Он великолепным, сильным голосом запевал кощунственную, сальную песню и странно и дико было слушать, как он вкладывал в нее
Пьяные, орущие голоса путались, рвались, перебивали друг друга, сливались со звоном и гулом стали протяжными вздохами тайги. Ревущий и грохочущий поезд, выбрасывая снопы красного пламени, оставляя за собой рой заблудившихся искр, летел над насыпями и мостами, в широко расступавшуюся перед ним черную бездну и сзади широкими кругами смыкался тяжелый, молчаливый лес.
Вторую неделю дул влажный муссон. В лесу, над рекой, потерявшей берега и вползшей в густую чащу кустарников, над озерами, в которых утонули тополи и лиственницы, обвитые диким виноградом, беспрерывно слышался ровный, дружный шум дождя. Коричневые ручьи бегали по всем впадинам в черной земле, с тяжелым стоном валились в ярко-зелёные логи, до краев забитые кустами шиповника и орешника.
Двадцать седьмой участок, куда попал Сиганов еще три семьи переселенцев, находился на дне мелкой впадины, похожей на блюдце.

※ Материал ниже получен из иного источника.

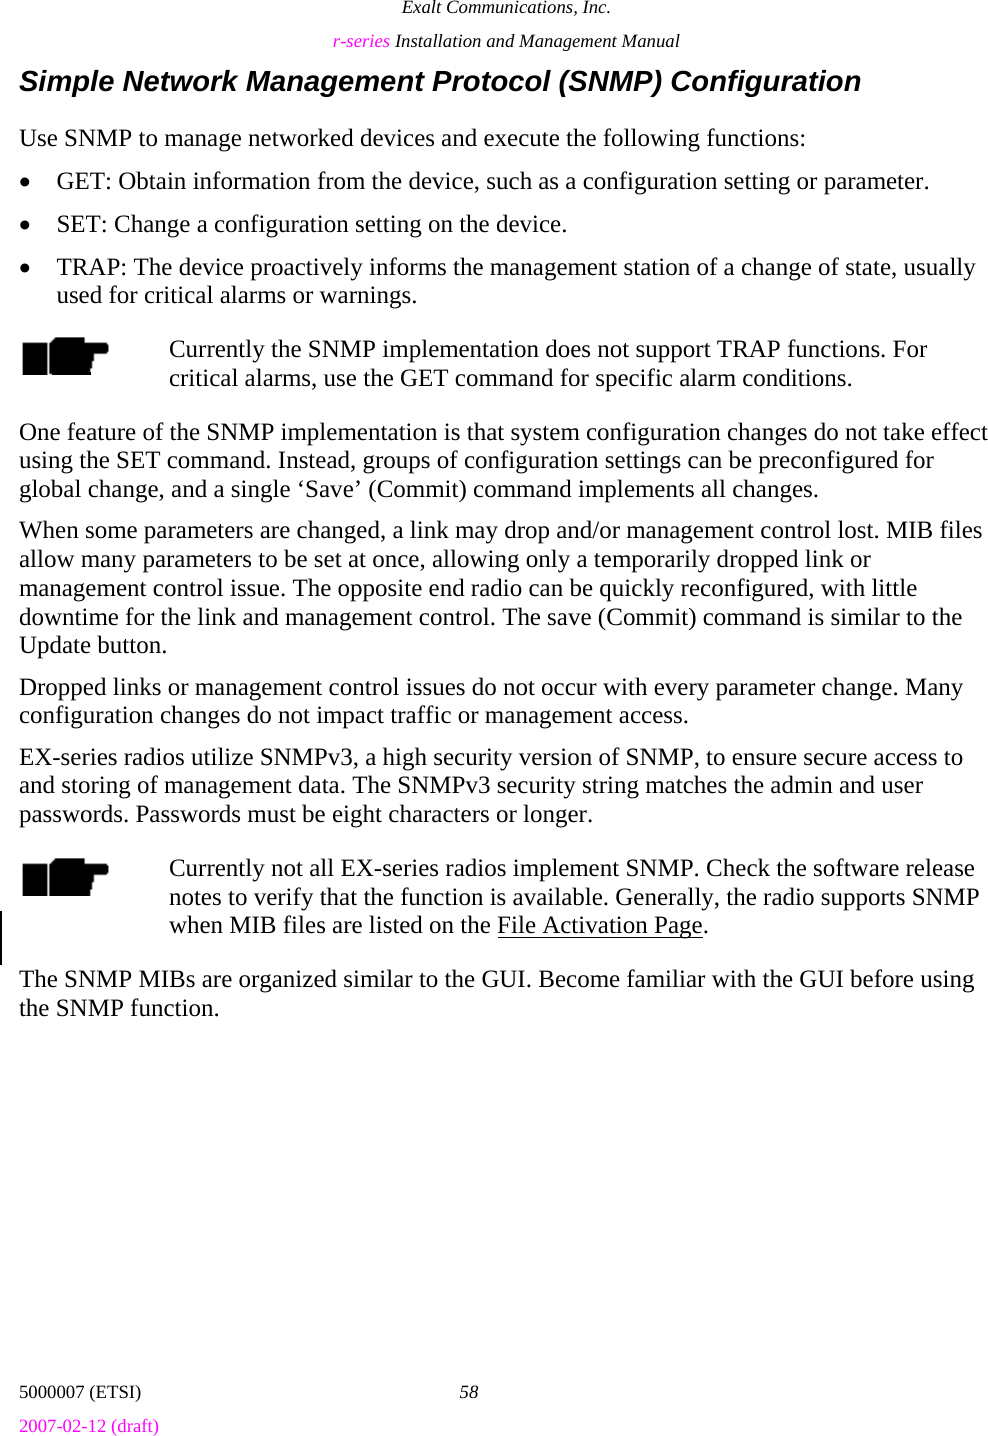 Exalt Communications, Inc. r-series Installation and Management Manual 5000007 (ETSI)  58 2007-02-12 (draft)  Simple Network Management Protocol (SNMP) Configuration Use SNMP to manage networked devices and execute the following functions: • GET: Obtain information from the device, such as a configuration setting or parameter. • SET: Change a configuration setting on the device. • TRAP: The device proactively informs the management station of a change of state, usually used for critical alarms or warnings. Currently the SNMP implementation does not support TRAP functions. For critical alarms, use the GET command for specific alarm conditions. One feature of the SNMP implementation is that system configuration changes do not take effect using the SET command. Instead, groups of configuration settings can be preconfigured for global change, and a single ‘Save’ (Commit) command implements all changes. When some parameters are changed, a link may drop and/or management control lost. MIB files allow many parameters to be set at once, allowing only a temporarily dropped link or management control issue. The opposite end radio can be quickly reconfigured, with little downtime for the link and management control. The save (Commit) command is similar to the Update button.  Dropped links or management control issues do not occur with every parameter change. Many configuration changes do not impact traffic or management access. EX-series radios utilize SNMPv3, a high security version of SNMP, to ensure secure access to and storing of management data. The SNMPv3 security string matches the admin and user passwords. Passwords must be eight characters or longer. Currently not all EX-series radios implement SNMP. Check the software release notes to verify that the function is available. Generally, the radio supports SNMP when MIB files are listed on the File Activation Page. The SNMP MIBs are organized similar to the GUI. Become familiar with the GUI before using the SNMP function.

Жирная земля, которую никогда не трогал плуг заросла травой в рост человека. Под проливным дождем трава вытягивалась все выше и выше, поднялась над молодыми дубками и вынесла свои узорчатые листья над шалашами и палатками, в которых жили переселенцы. Пробовали копать землянки, но ямы наполнялись до краев желтой водой, которая, как губку, пропитывала влажную почву.
Илья ушел обратно в Хабаровск искать работы. Курганов по целым дням неподвижно сидел около своей палатки из распоротых мешков, среди мокрого, пестрого скарба, прикрытого травой, и жаловался на чиновников, которые загнали его самого и его семью в болото.

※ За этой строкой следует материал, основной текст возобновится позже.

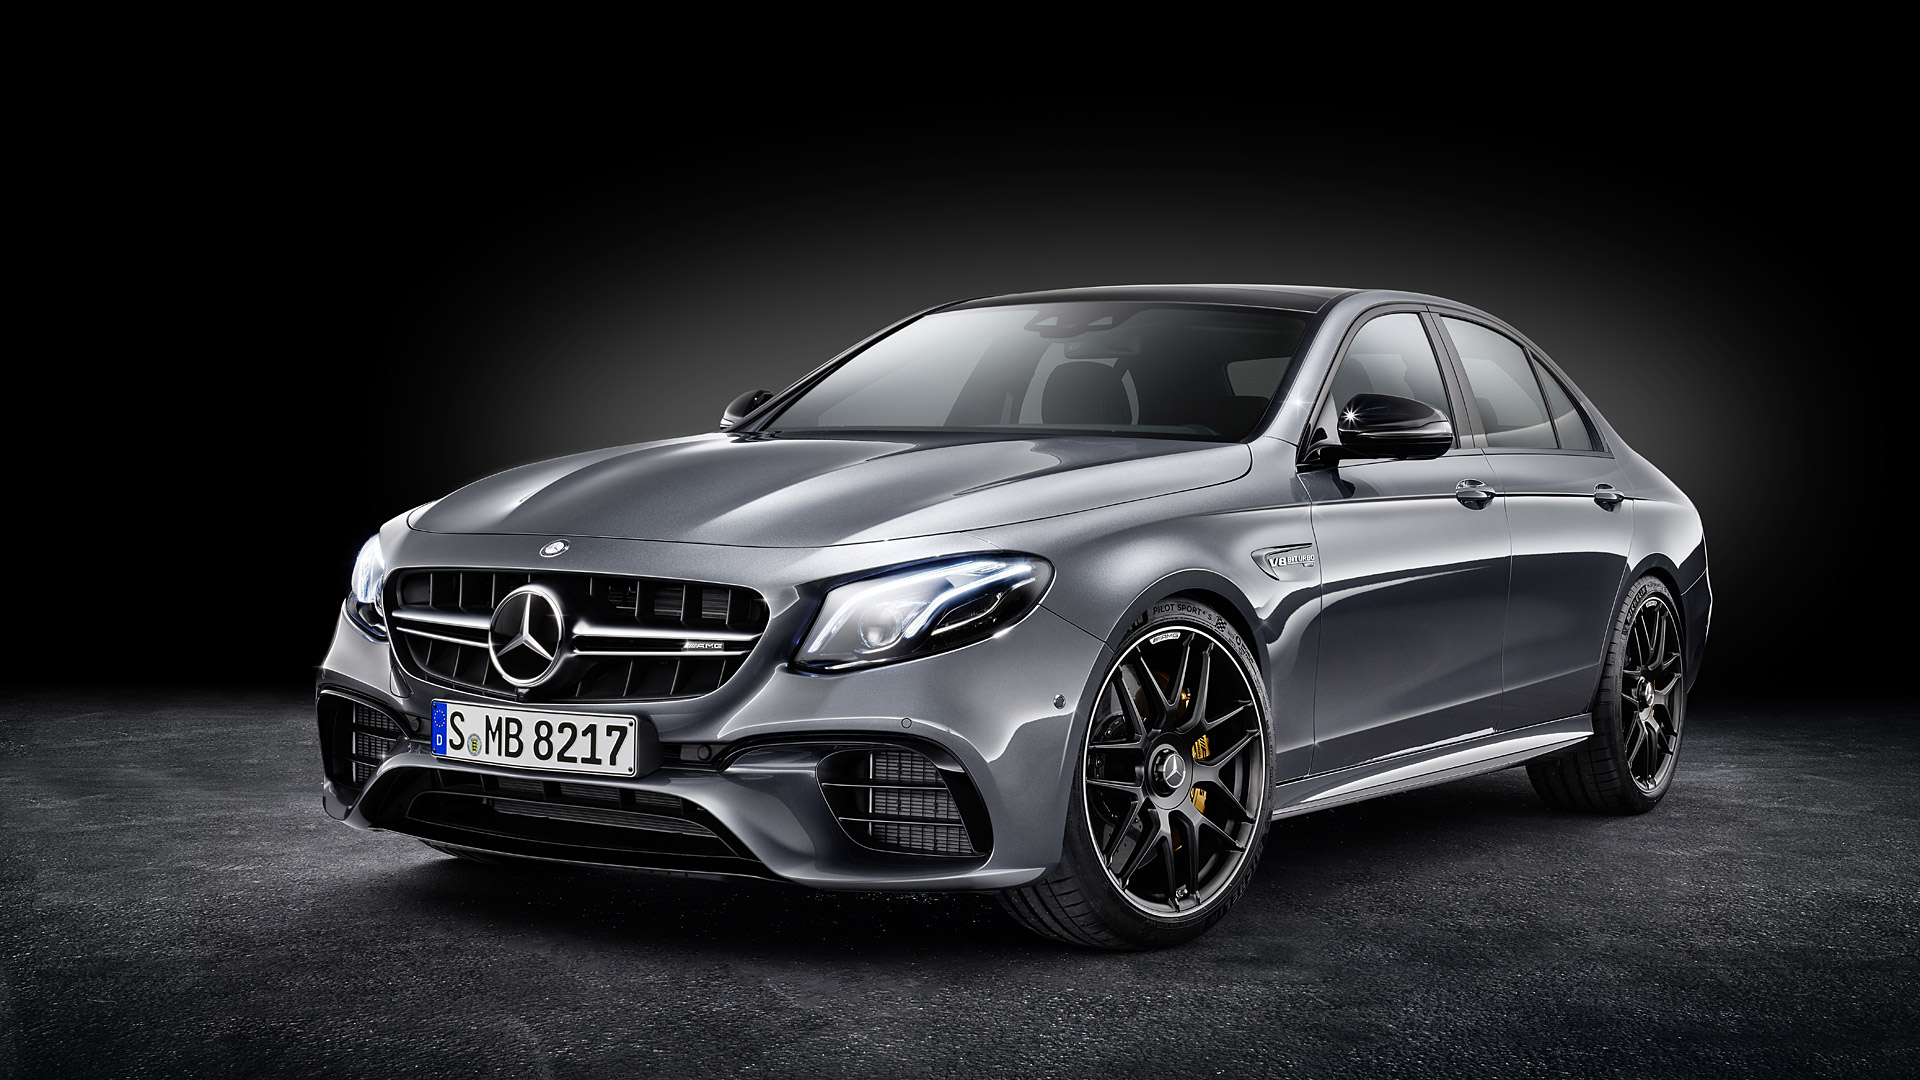 Free Download 2017 Mercedes Benz E63 AMG Wallpaper HD Image WSupercars [1920x1080] For Your Desktop, Mobile & Tablet. Explore Mercedes Benz 2017 Wallpaper. Mercedes Benz 2017 Wallpaper, Mercedes Benz Wallpaper, 2017 Mercedes Benz

Работать пробовал один старик Аносов. Маленький, черный, как обожженный сухарь, он с утра до вечера косил траву, копал гряды, с топором возился под гигантскими кедрами и лиственницами, которые угрюмо кивали сверху тяжелыми ветвями. Скошенная трава гнила, на её месте быстро тянулась к свету новая, молодая поросль; вскопанная земля заплывала и превращалась в трясину. Стволы зеленых великанов звенели от ударов иззубренного топора, оставлявшего на них едва заметные рубцы, и сам Аносов, среди этой могучей первобытной растительности, был похож на муравья, заблудившегося в крепкой траве.
Веселее всех была семья Арефовых. Они все, бабы и мужики, ладно и согласно, без ссоры и ругани, пропивали казенное пособие. Хлопотливо и усердно, как на престольный праздник, мать и дочь Арефовы, красивые, крепкие женщины, пекли пироги, что-то с утра жарили и варили, не обращая внимания на муссон, тащивший с востока горы туч. Мужчины сидели на бочках и ящиках, пили водку, подносили соседям и каждую рюмку сопровождали различными пожеланиями.
— Ну, давай Бог, чтобы как вам, так и нам! — говорил старик Арефов, поднимаясь с мокрой травы, и отстраняя рукой, в которой держал рюмку склеенную сургучом, зеленую узорчатую стену.
— Жить и радоваться!
Потом поднимался сын.
— Пожелаем радостей и веселья на новых местах!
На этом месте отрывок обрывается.